How about this: Imagine if the prize for getting an S-rank on every mission was the ability to play as black-eyed, pot-bellied Sonic. That would be an insane unlockable for all the retro Sonic fanboys, at the development cost of swapping out a character model. Tell me that's not a great hook for replay.
Or you could unlock a Mecha Sonic or Shadow skin. I'd totally beat a tough challenge to play as Mecha Sonic, and then I could put a top hat and monocle on my Mecha Sonic too. Local Multiplayer
Local multiplayer confirmed?
It's easy to forget local multiplayer since most self-proclaimed "hardcore gamers" have Xbox Live accounts, but don't forget that Sonic is still targeted at the younger crowd. My sister and I played Sonic together when we were in elementary school, and I haven't forgotten how important it is for kids to have games with local multiplayer. Sonic 2
's special stages are difficult to beat without a second player, which encourages co-op, and Sonic Adventure 2
did versus play in 3D several years ago. Sonic Adventure 2
's Radical Highway stage in particular felt like it was designed as a two-player stage, but was used with no environmental modifications for both single-player and multi-player play. I'm not saying that every stage should be designed for multiplayer, but at the very minimum, two players should be able play against each other in a race for time and see ghosts of each other on the track.

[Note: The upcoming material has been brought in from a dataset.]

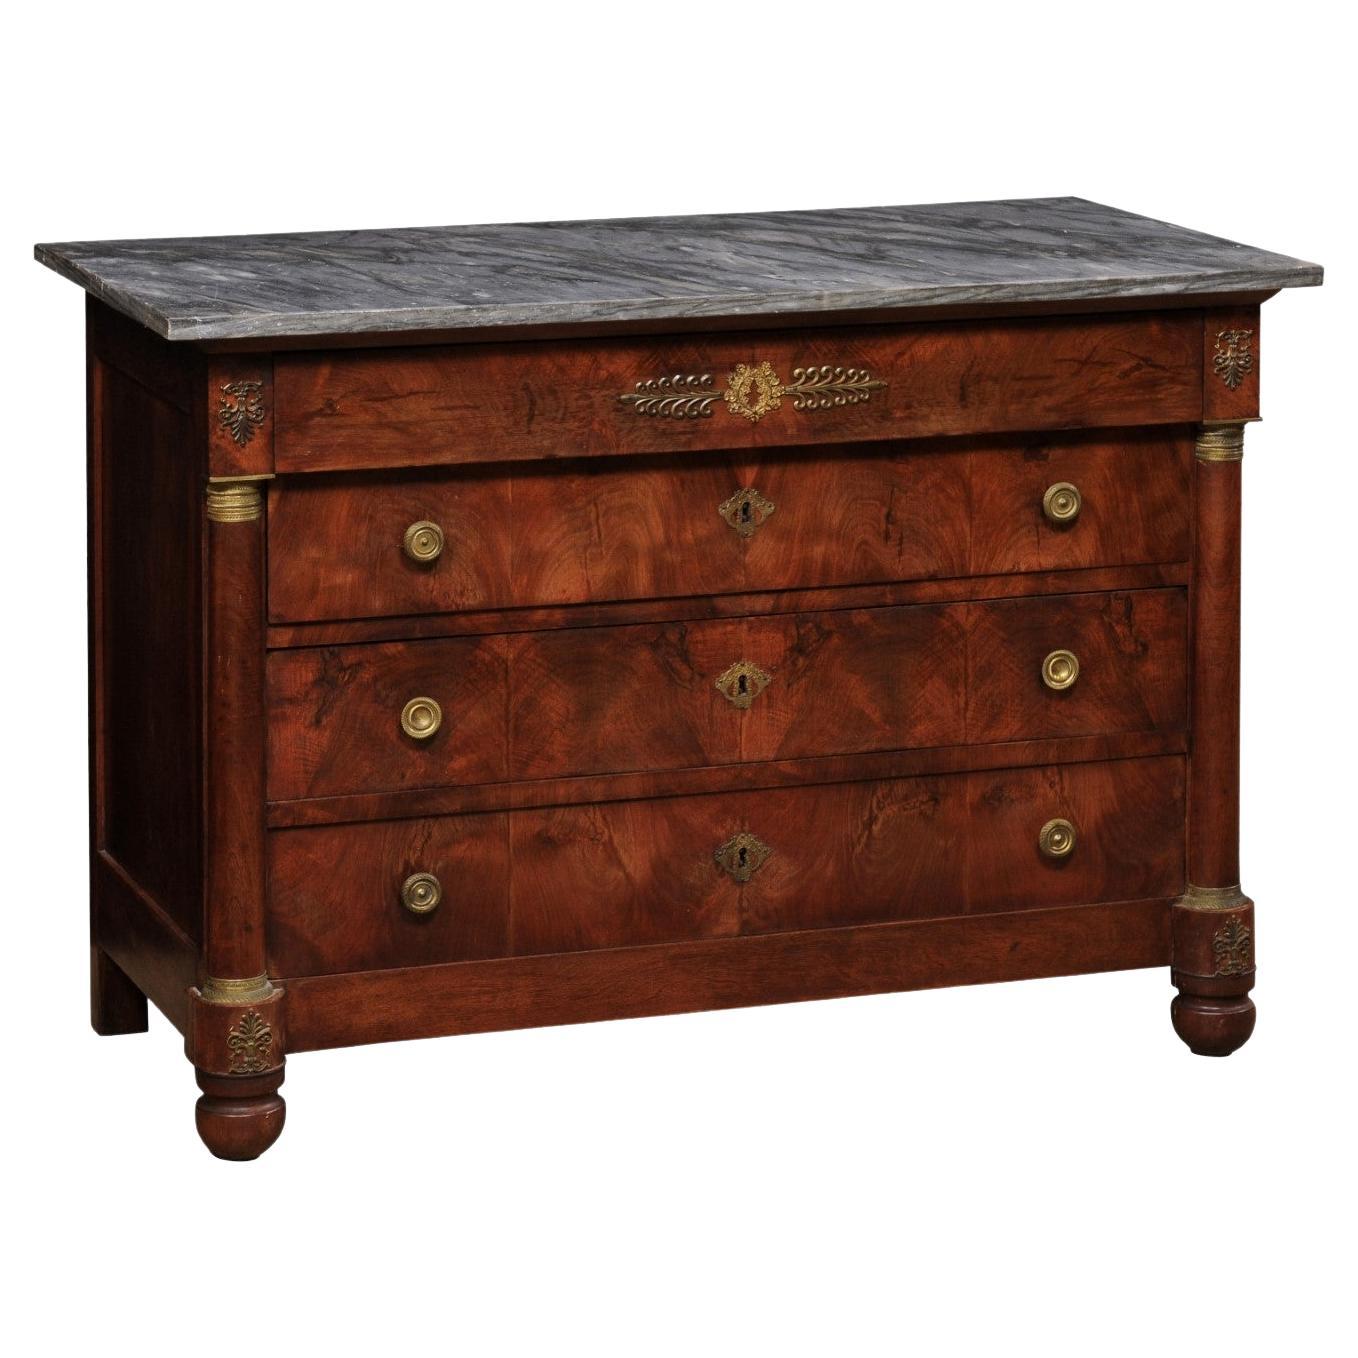 19th Century Neoclassical French Marble-Top Commode W/Exquisite Brass Accents For Sale
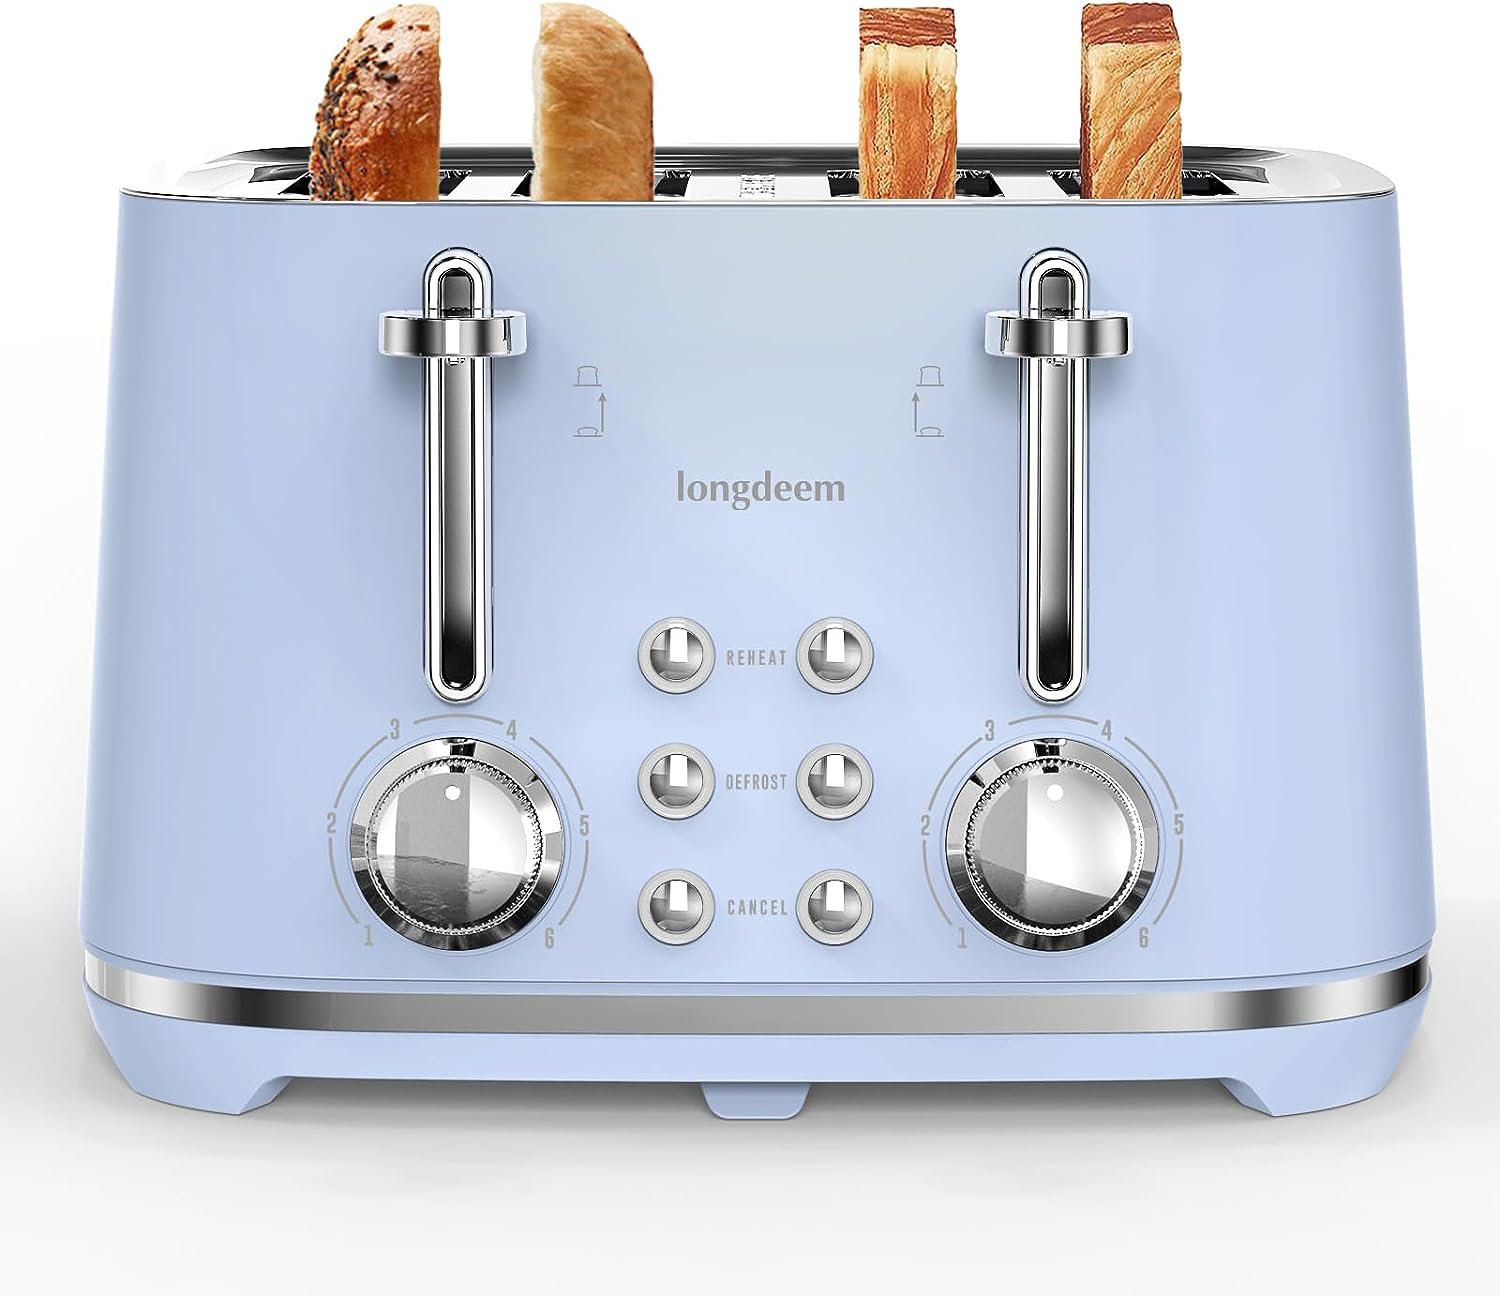 Long Slot Toaster 2 Slice Best Toaster 2 Slice Wide Slot, Vintage Black  Toaster with Defrost/Reheat/Cancel/6 Bread Shade Settings/Removable Crumb  Tray

Of course, online multiplayer is a "nice to have," but I'm pretty confident that the additional burden of multiplayer netcode simply wouldn't be worth the trouble. Fun Level Design
And of course, if a level is good enough, we'll probably replay it again just for fun. Sonic Unleashed
on Wii had pretty good daytime levels, so SEGA (and Dimps), just keep doing what you're doing and you'll be all right. I can say that I've played the Wii Shamar stage many, many times, just because I really love it.
But even with great levels, you should still try to give us that little push; that extra incentive to play the game again. With some challenges, a low-resistance pick-up-and-keep-playing mode, some collectibles that show up in-game, and leaderboards, maybe—just maybe—reviewers won't slam the game for being too short, and players will be glad to run through the same levels over and over again, just like we did back in the Genesis days.